Всем девочкам понравилась пьеса, а наша Мышка даже заплакала немножко и вытирала глаза платочком:
– Прекрасно, девочки… Очень хорошо! Почему же вы не предупредили, что готовите пьесу? Кто это придумал – ставить пьесу?
Ира Грошева показала на меня и сказала:
– Это она! У нее голова, как пивной котел!
Папы нет. Нет и нет… Лифт уже не ездит. Ездил, ездил и перестал. Все уже дома – и правдисты, и все… Только папы нет… Он еще ни разу не приходил так поздно, ни разу! Где он может быть? Что с ним? Нужно ждать… Ждать… Я ложусь, как Альма, – Альма, бедная моя Альма, где ты сейчас?
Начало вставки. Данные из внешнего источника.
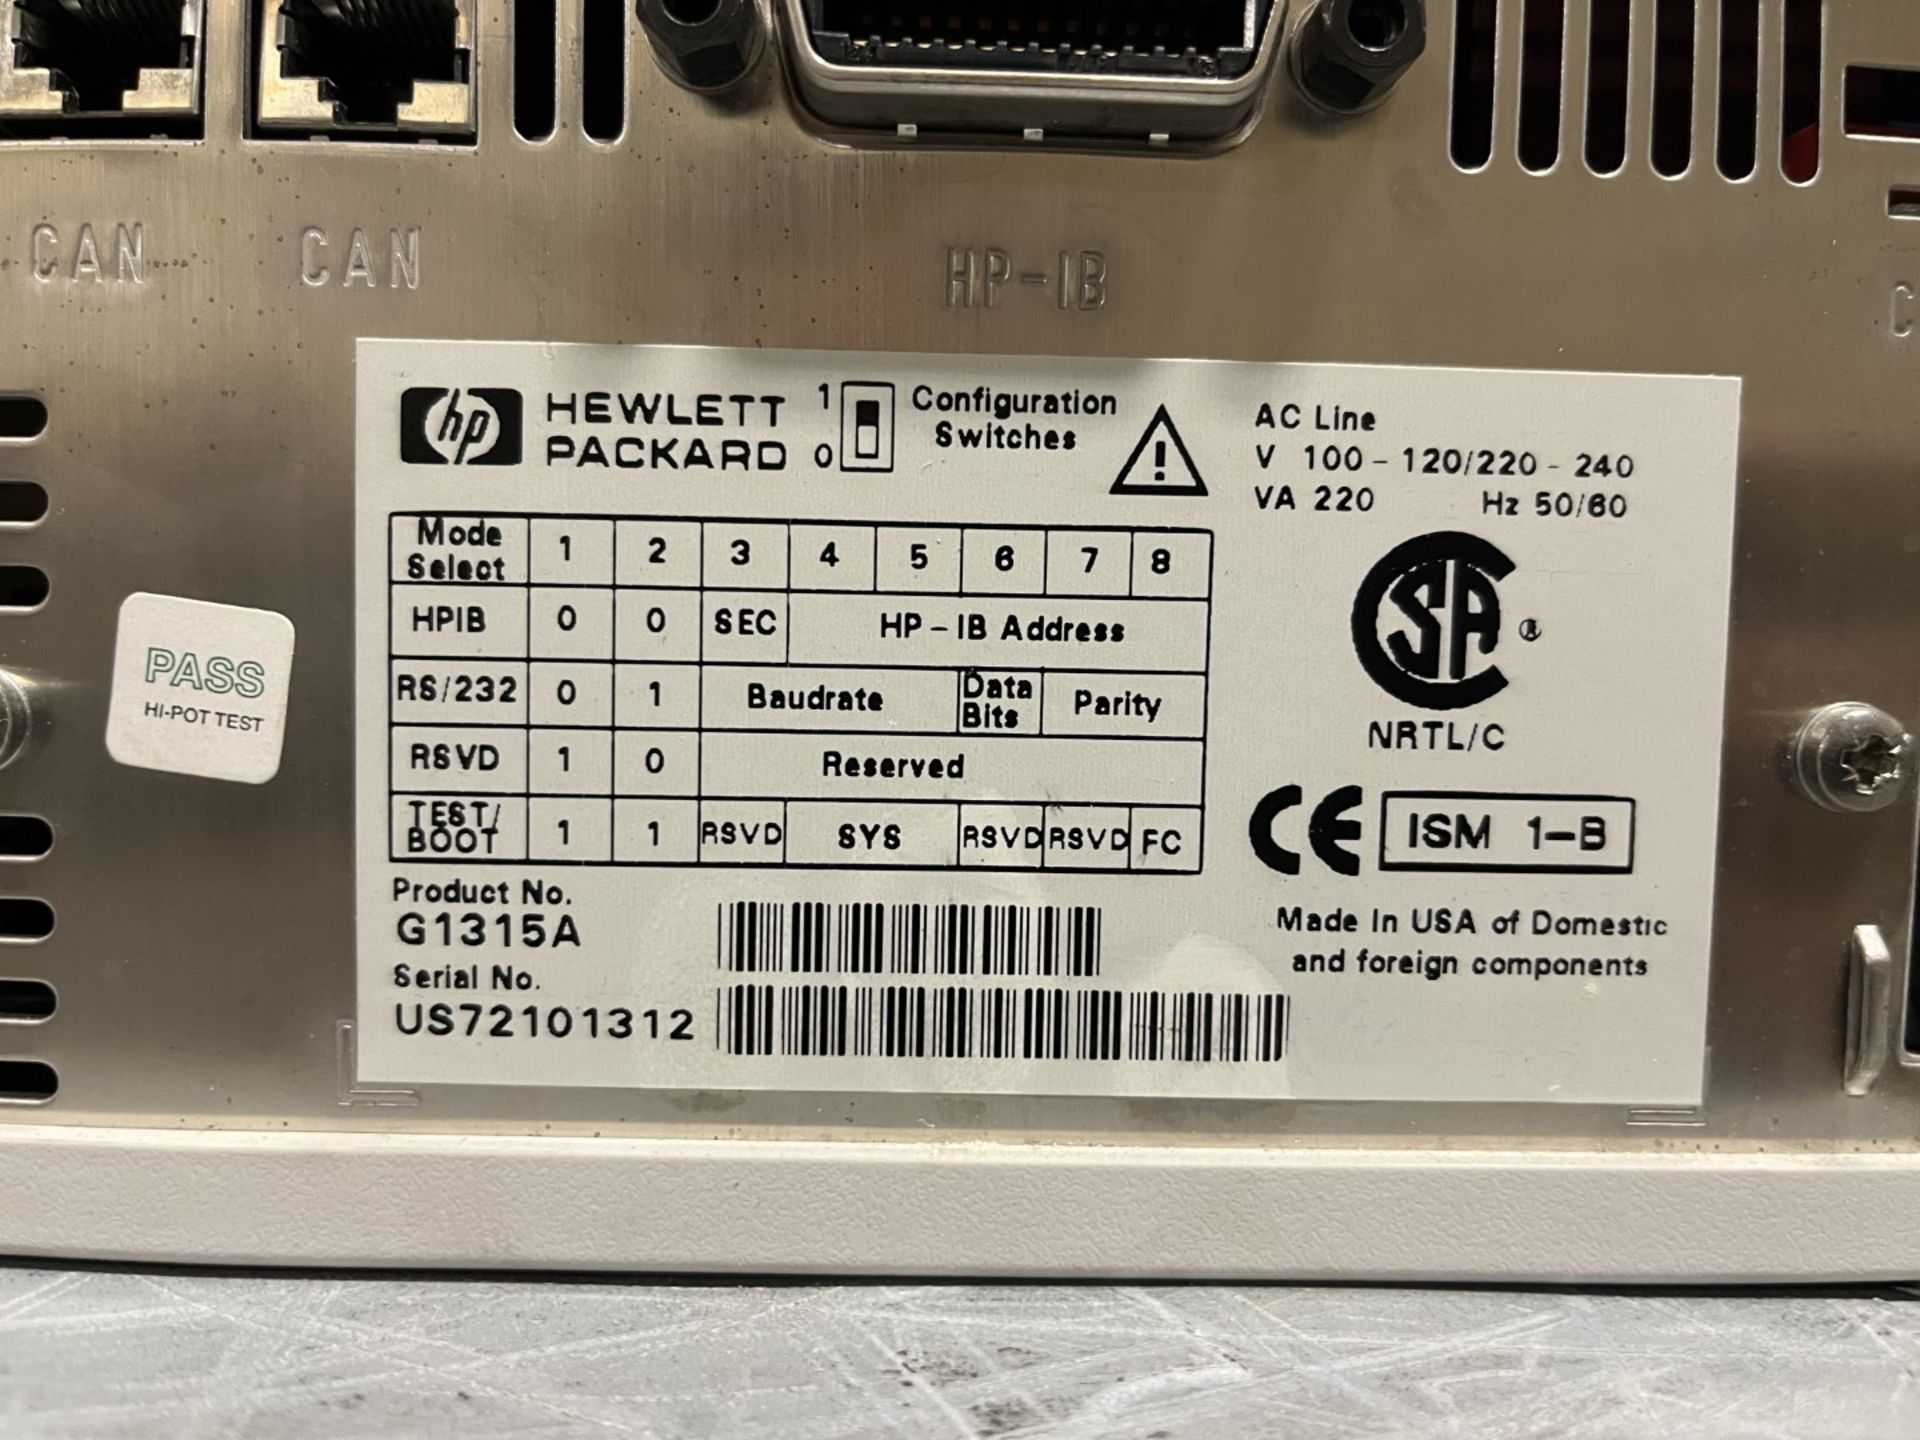 Hewlett Packard 1100 Series Diode Array Detector, Model G1315A - Image 2 of 4

Может, ты тоже думаешь про меня?.. Как бы я хотела, чтобы мы были вместе… Собаки поджимают ноги не так, как человек. Вот так они ложатся: задние лапы под себя, голову на передние – и ждут. Я тоже жду… Жду…
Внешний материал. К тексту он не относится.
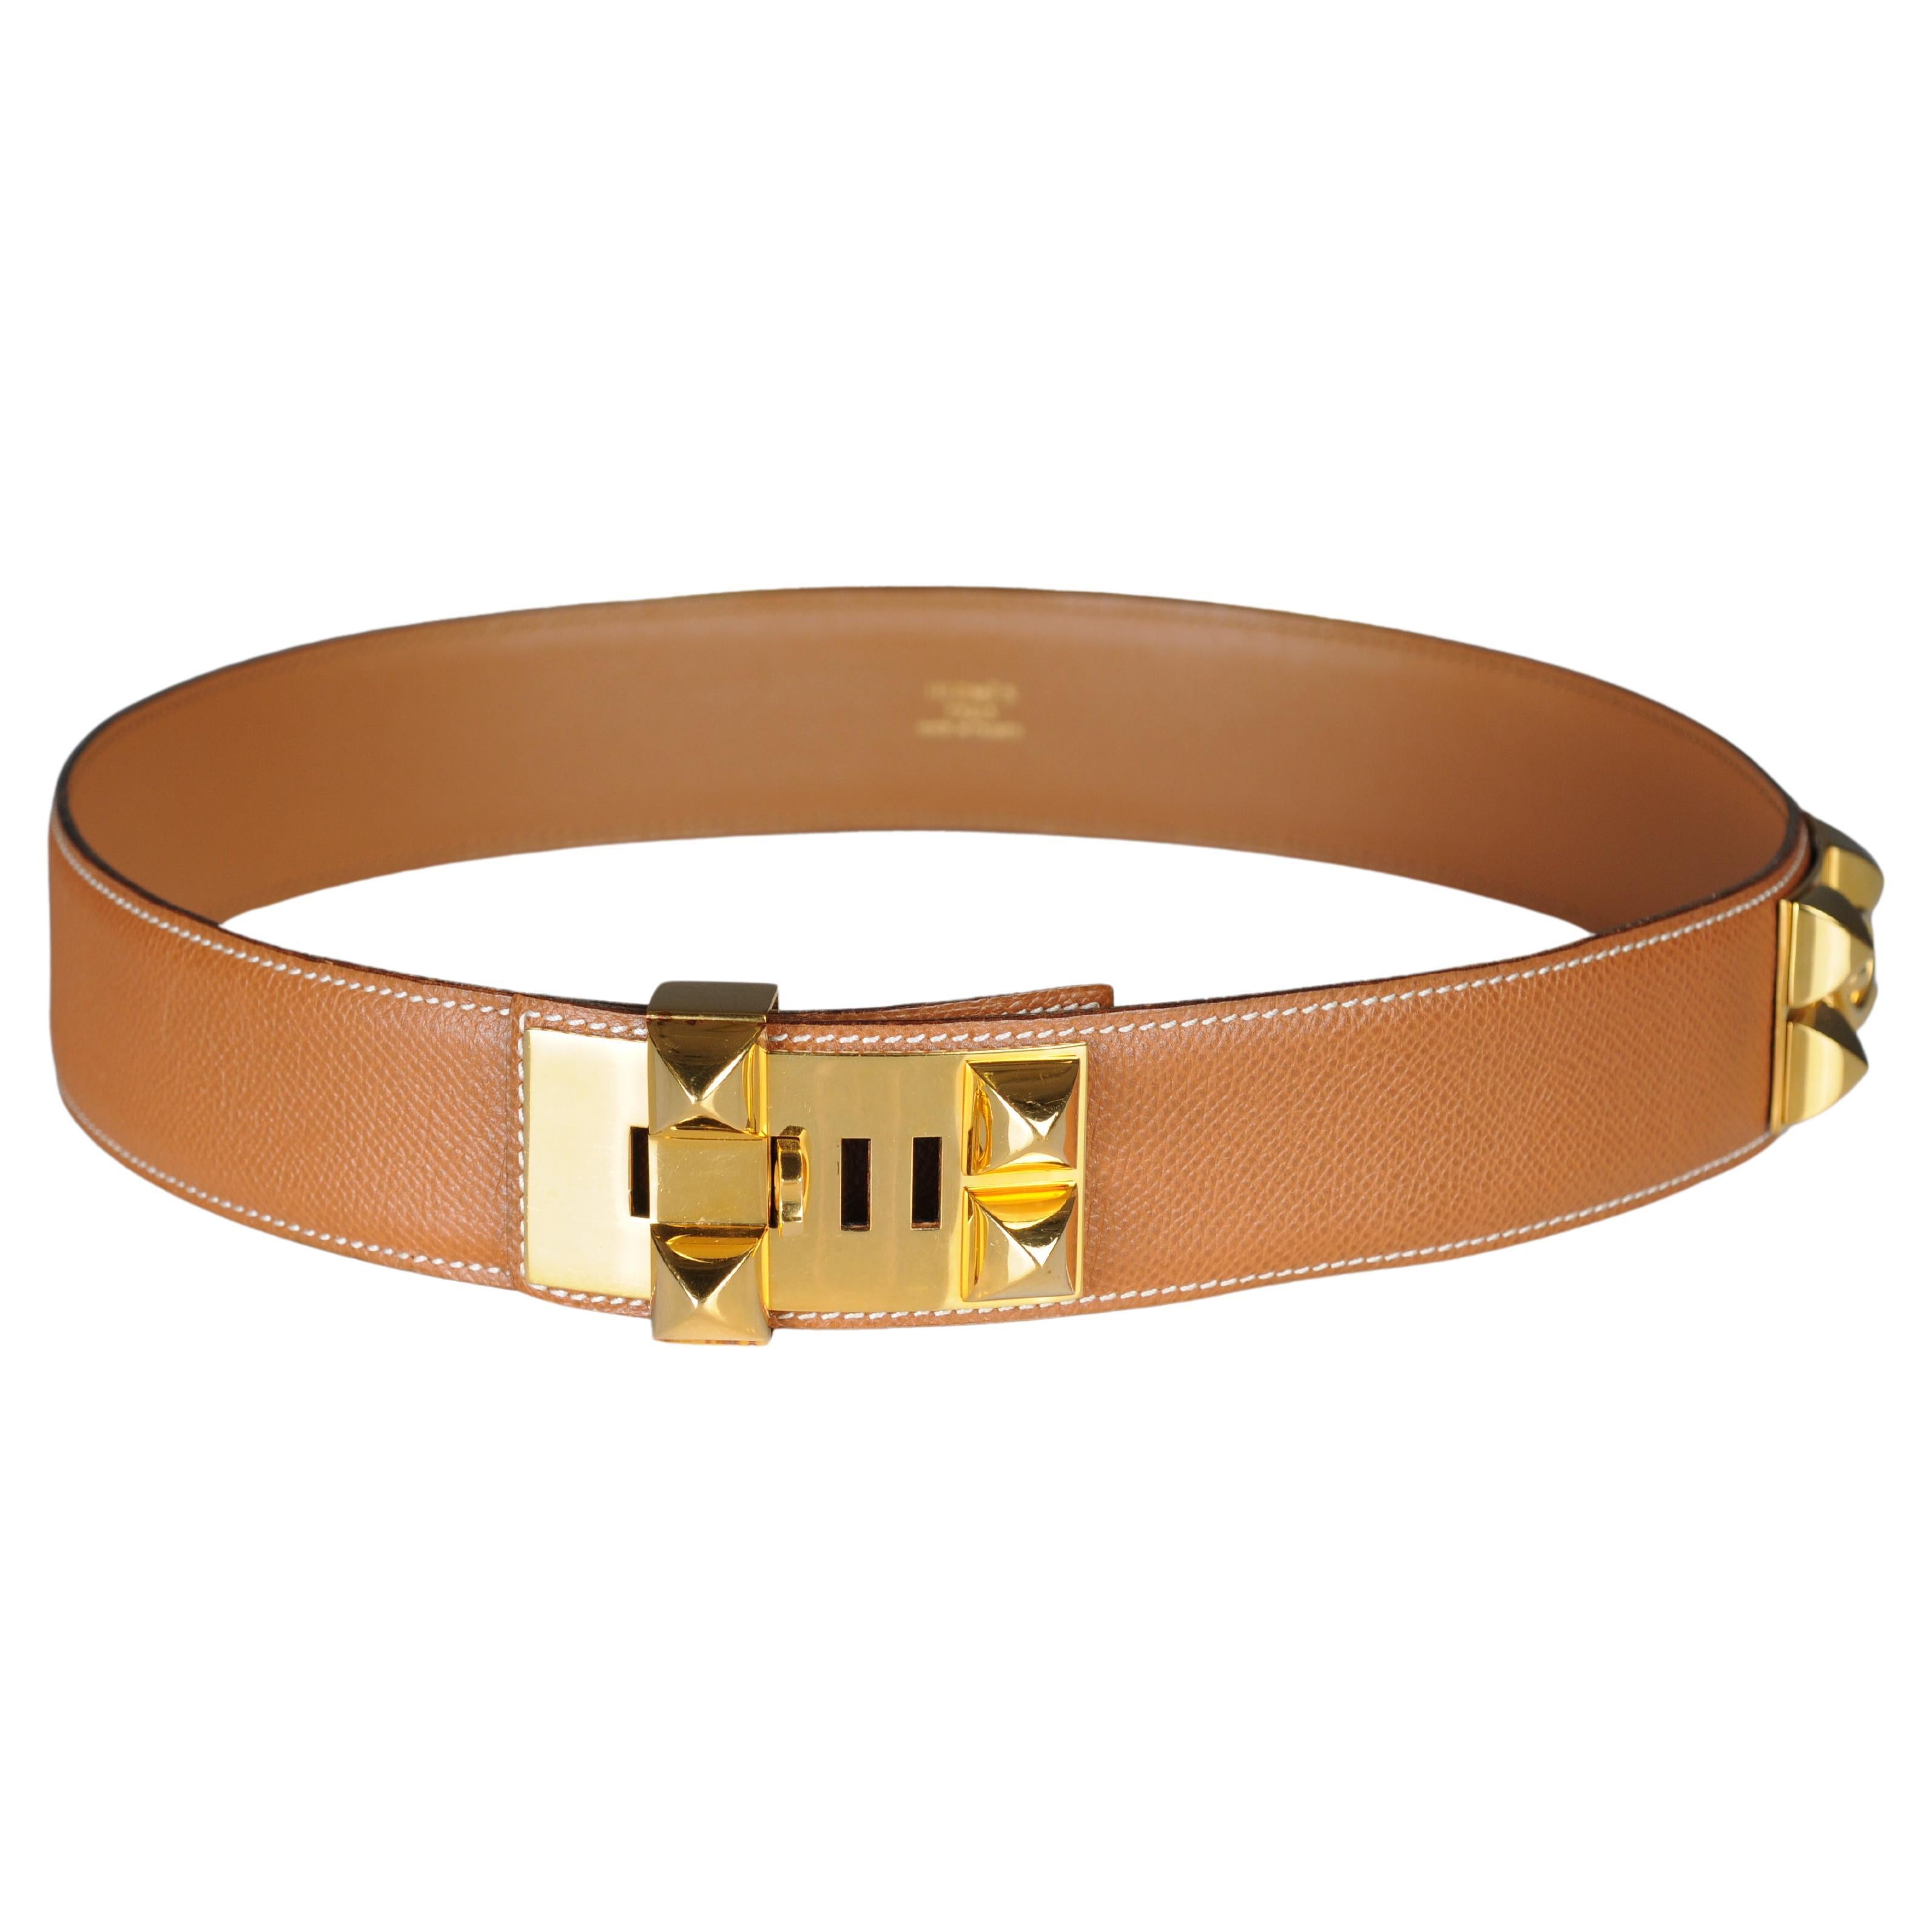 Hermes Collier de chien leather belt brown gold  For Sale

Звонок! Звонит телефон! Это папа! Наверное, папа…
– Боже мой, что это? Что такое?.. – бормочет мама спросонья.
Я вскакиваю и бегу в коридор. Нет, это не папа, это тетя Дуся.
– Это ты? – говорит она. – А мамка твоя где? Мамку позови.
Мама выходит, берет трубку.
– Что значит – не может? Как это – не может? Хорошо, Дуся, я понимаю. Да, вы правы, вы тут ни при чем. Я спущусь, но что же я могу?.. Я даже не одета… Иди, спускайся туда, – говорит она мне. – Эта скотина, твой папаша, опять допился до положения риз! Не может, видите ли, подняться. Боже мой, что за мука, что за проклятие!..
Я не слушаю ее, я бегу вниз. Пятый этаж, четвертый, третий… Второй, первый… Папа лежит возле лифта. Что это? Он весь в крови… Весь в крови! Даже не слышит! Не смотрит на меня! А!.. А-а-а!..
– Ты что? Ты что?! – Тетя Дуся машет на меня руками. – Ты не кричи! Нельзя! Ты что? Ты мне весь дом подымешь! Это что ж? Ведь сказала ей, чтоб сама шла, нет, шлет девчонку!
– А-а-а-а!..
– Молчи! – Тетя Дуся зажимает мне рот рукой. – Ему же позор будет, как все сбегутся!
Да, правда, правда – она права, нельзя кричать, нельзя!.. Я не буду… Но что с ним? Что с ним? Он жив?.. Он умер?!
– Жив, жив, – говорит тетя Дуся. – Жив он, ничего такого. Разбился малость… Упал, видно…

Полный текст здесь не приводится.